EXERCISE BRIEF
Look below for the line that contains "漂亮 玻璃 装饰品 插画" and the line that contains "Материк Южная Америка контурная карта", then restate both of them and every line in between, exactly. No picture goes in the copy.
** RECORDS SHOWN follows **
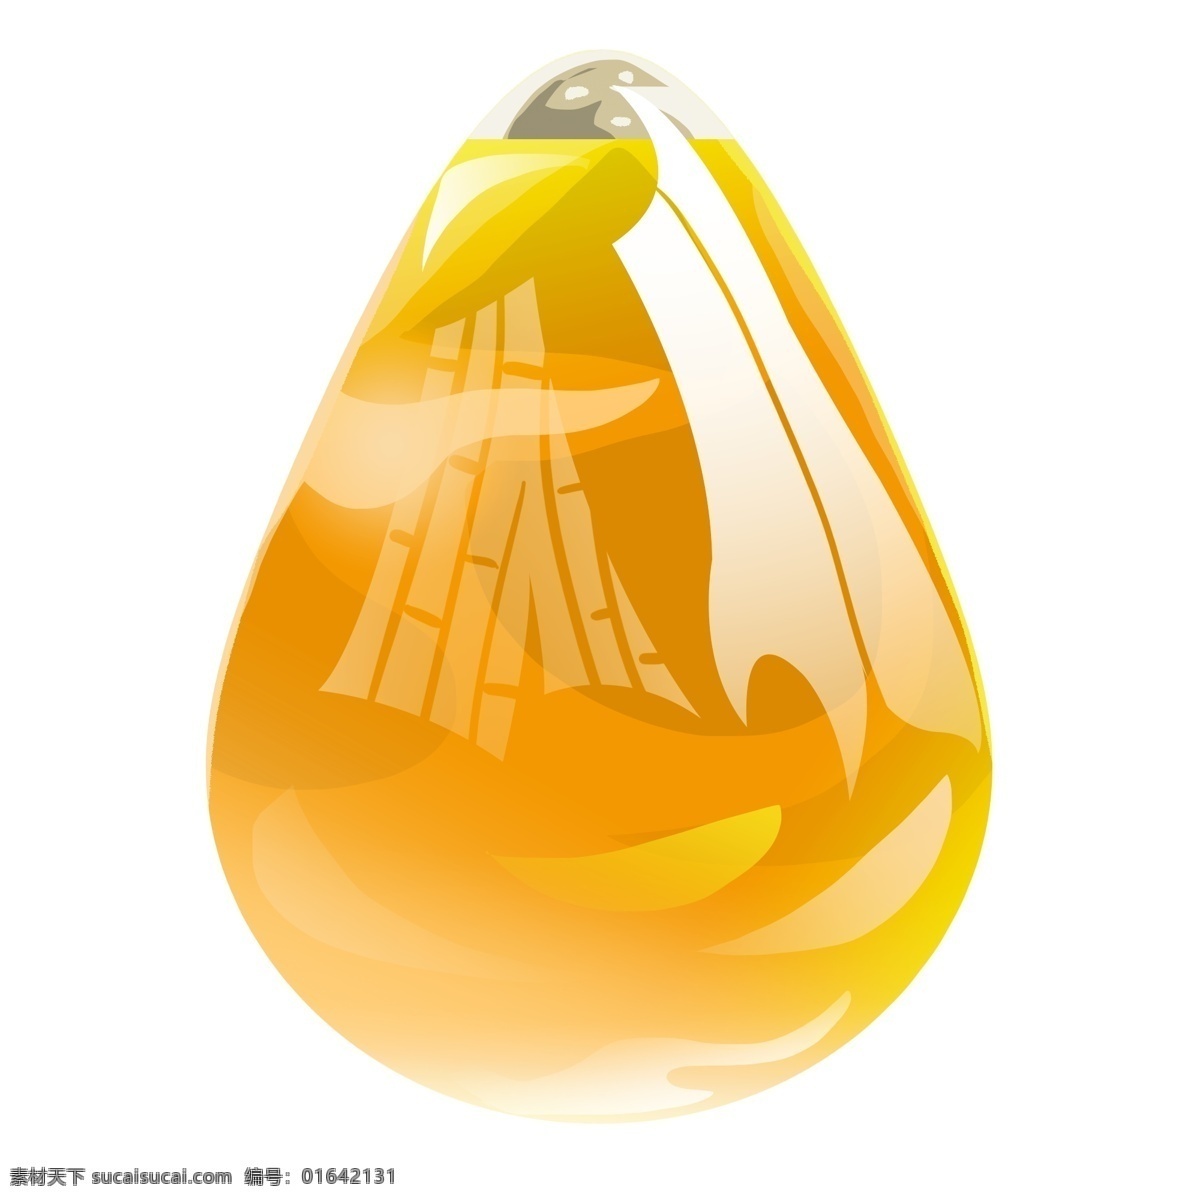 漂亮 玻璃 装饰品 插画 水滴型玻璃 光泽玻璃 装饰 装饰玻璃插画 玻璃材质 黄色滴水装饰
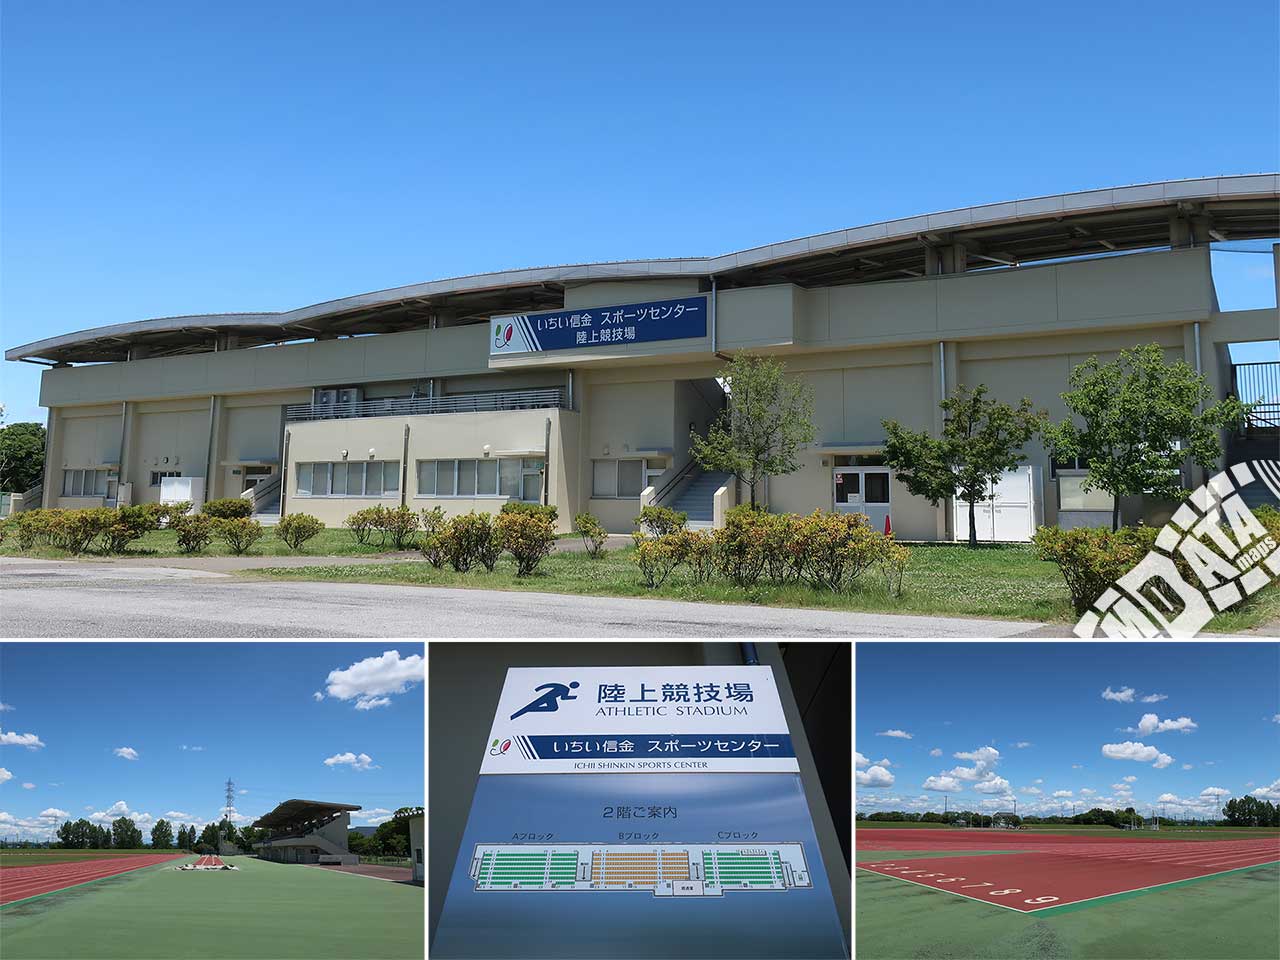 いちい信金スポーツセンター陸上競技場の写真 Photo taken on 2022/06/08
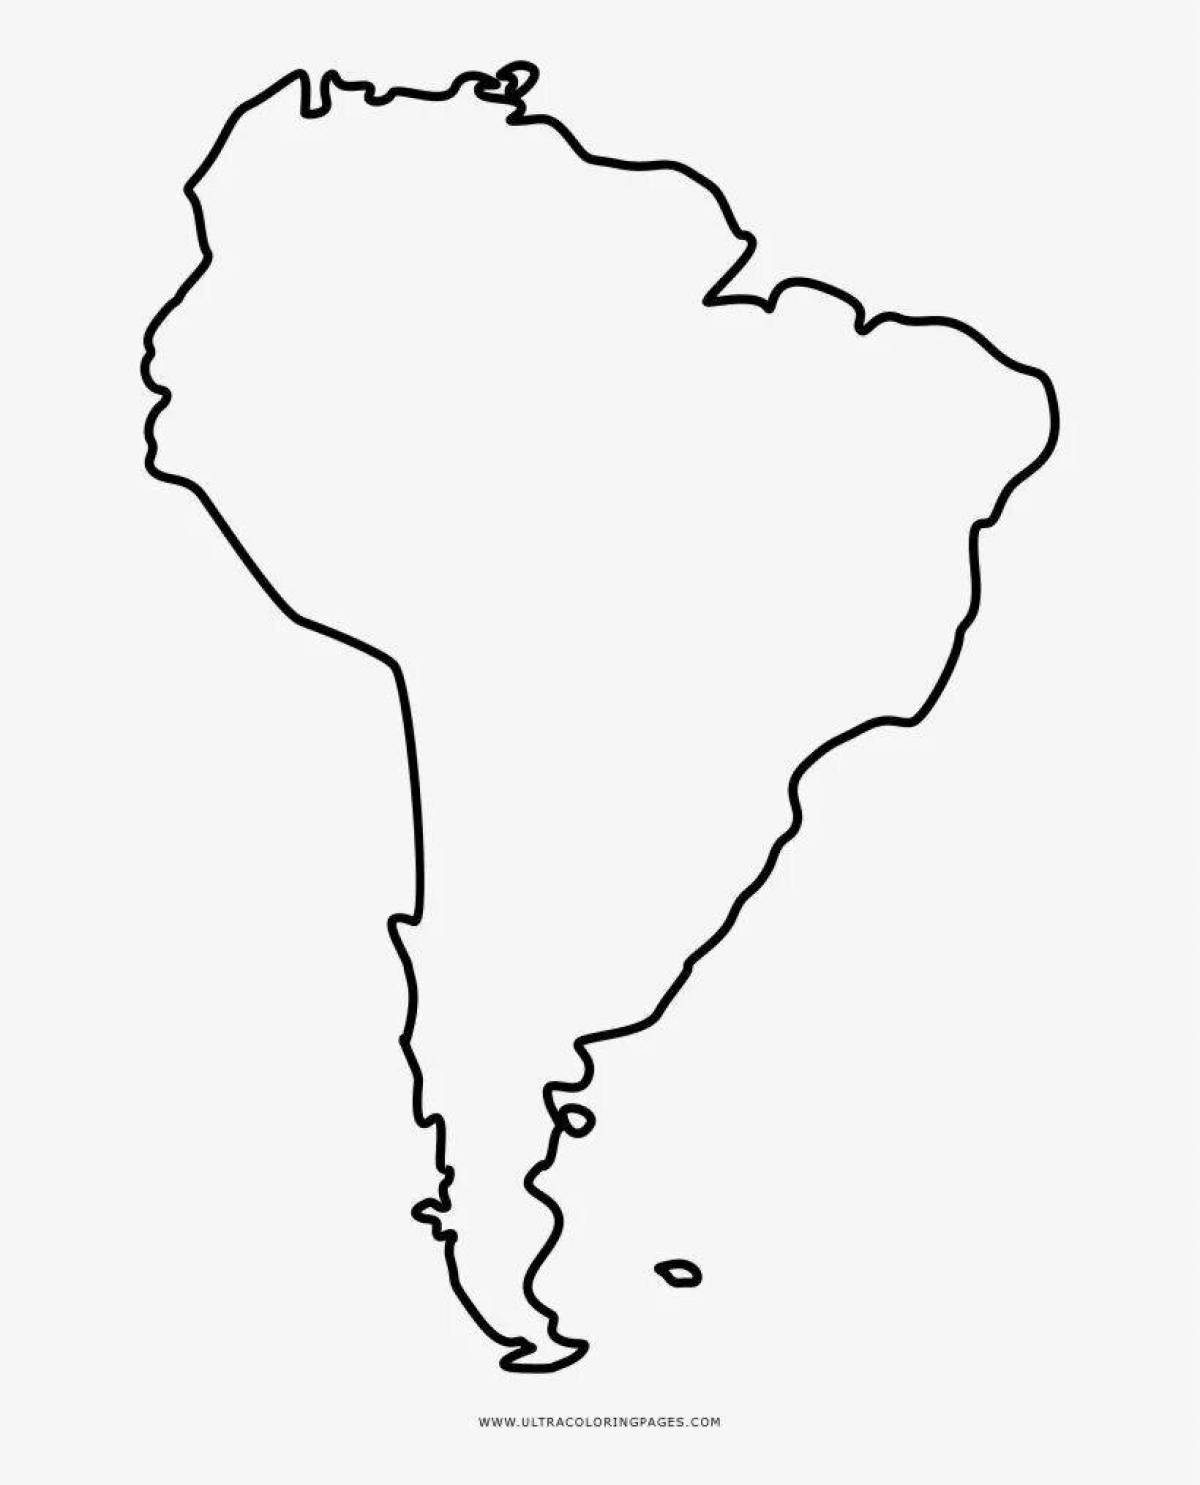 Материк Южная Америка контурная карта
** End of RECORDS SHOWN **
** RECORDS SHOWN follows **
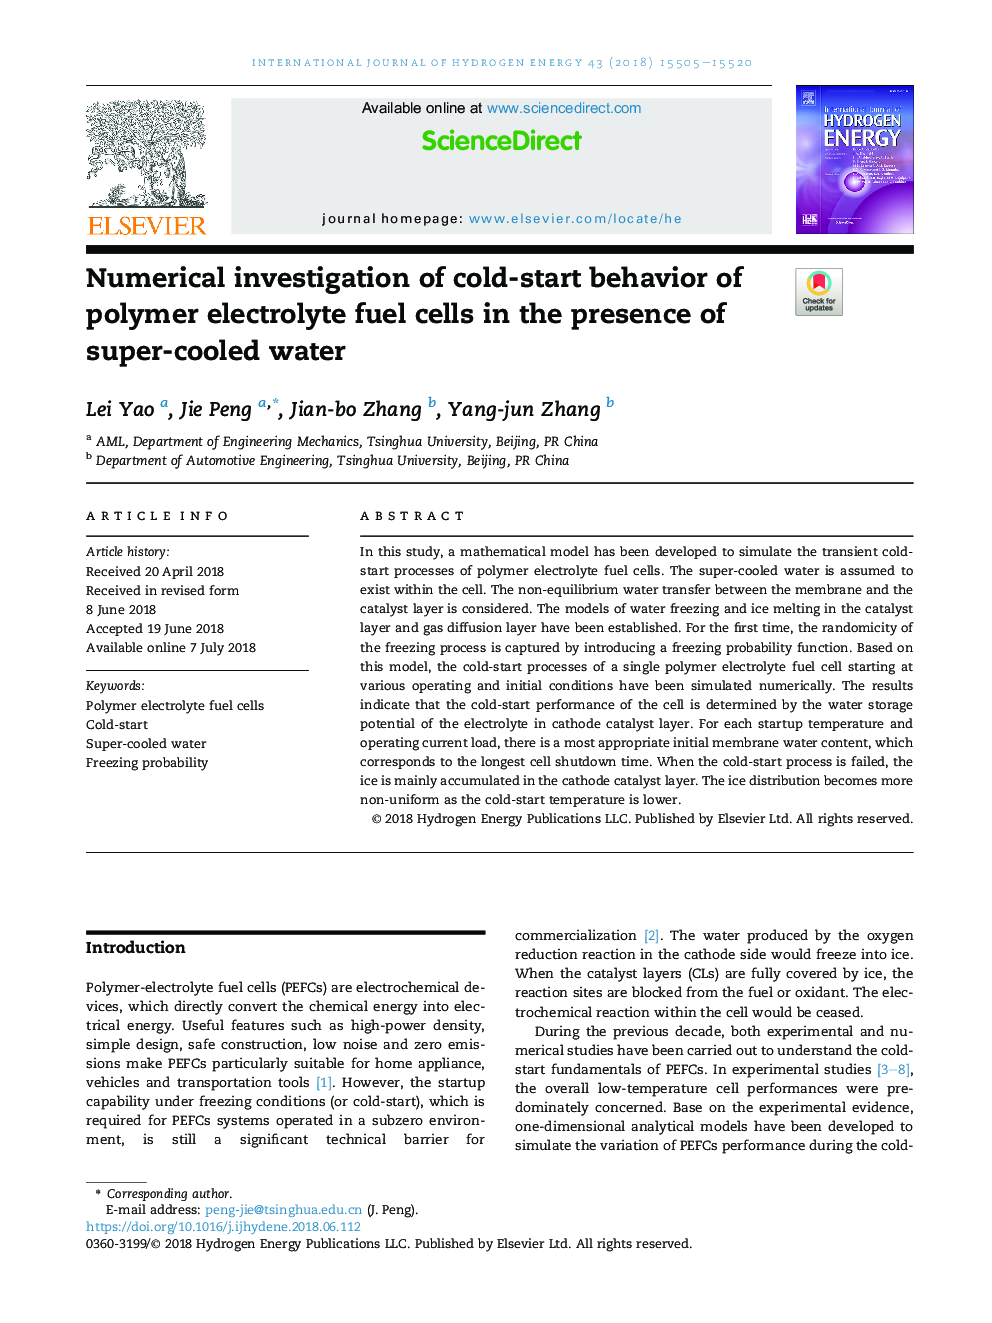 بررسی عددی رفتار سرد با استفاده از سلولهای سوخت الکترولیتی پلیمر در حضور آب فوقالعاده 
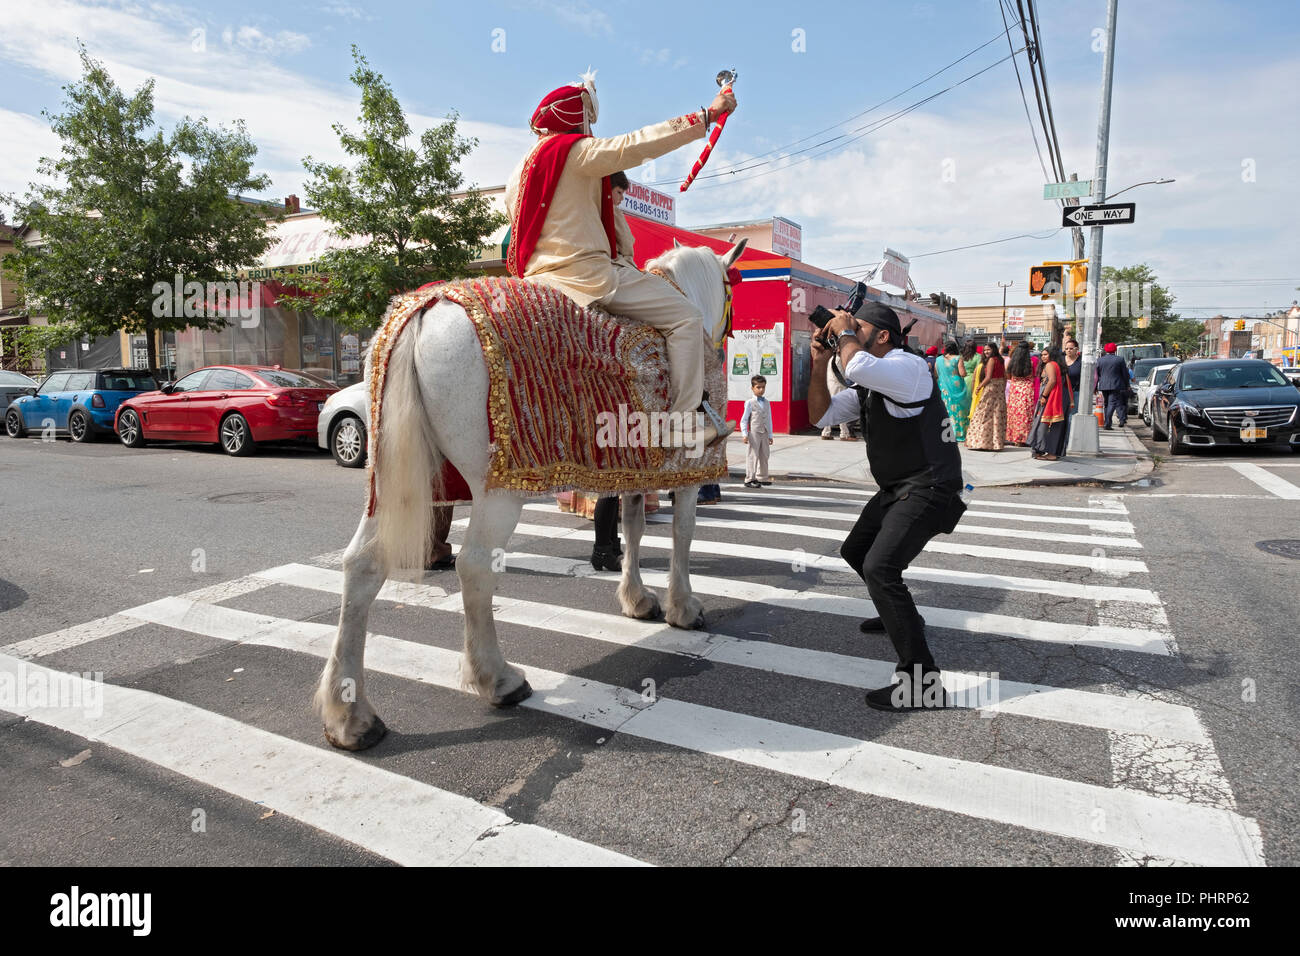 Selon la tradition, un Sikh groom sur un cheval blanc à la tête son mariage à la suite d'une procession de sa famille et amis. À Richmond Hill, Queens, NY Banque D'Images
** End of RECORDS SHOWN **
RESPONSE BELOW
 漂亮 玻璃 装饰品 插画 水滴型玻璃 光泽玻璃 装饰 装饰玻璃插画 玻璃材质 黄色滴水装饰
 いちい信金スポーツセンター陸上競技場の写真 Photo taken on 2022/06/08
 Материк Южная Америка контурная карта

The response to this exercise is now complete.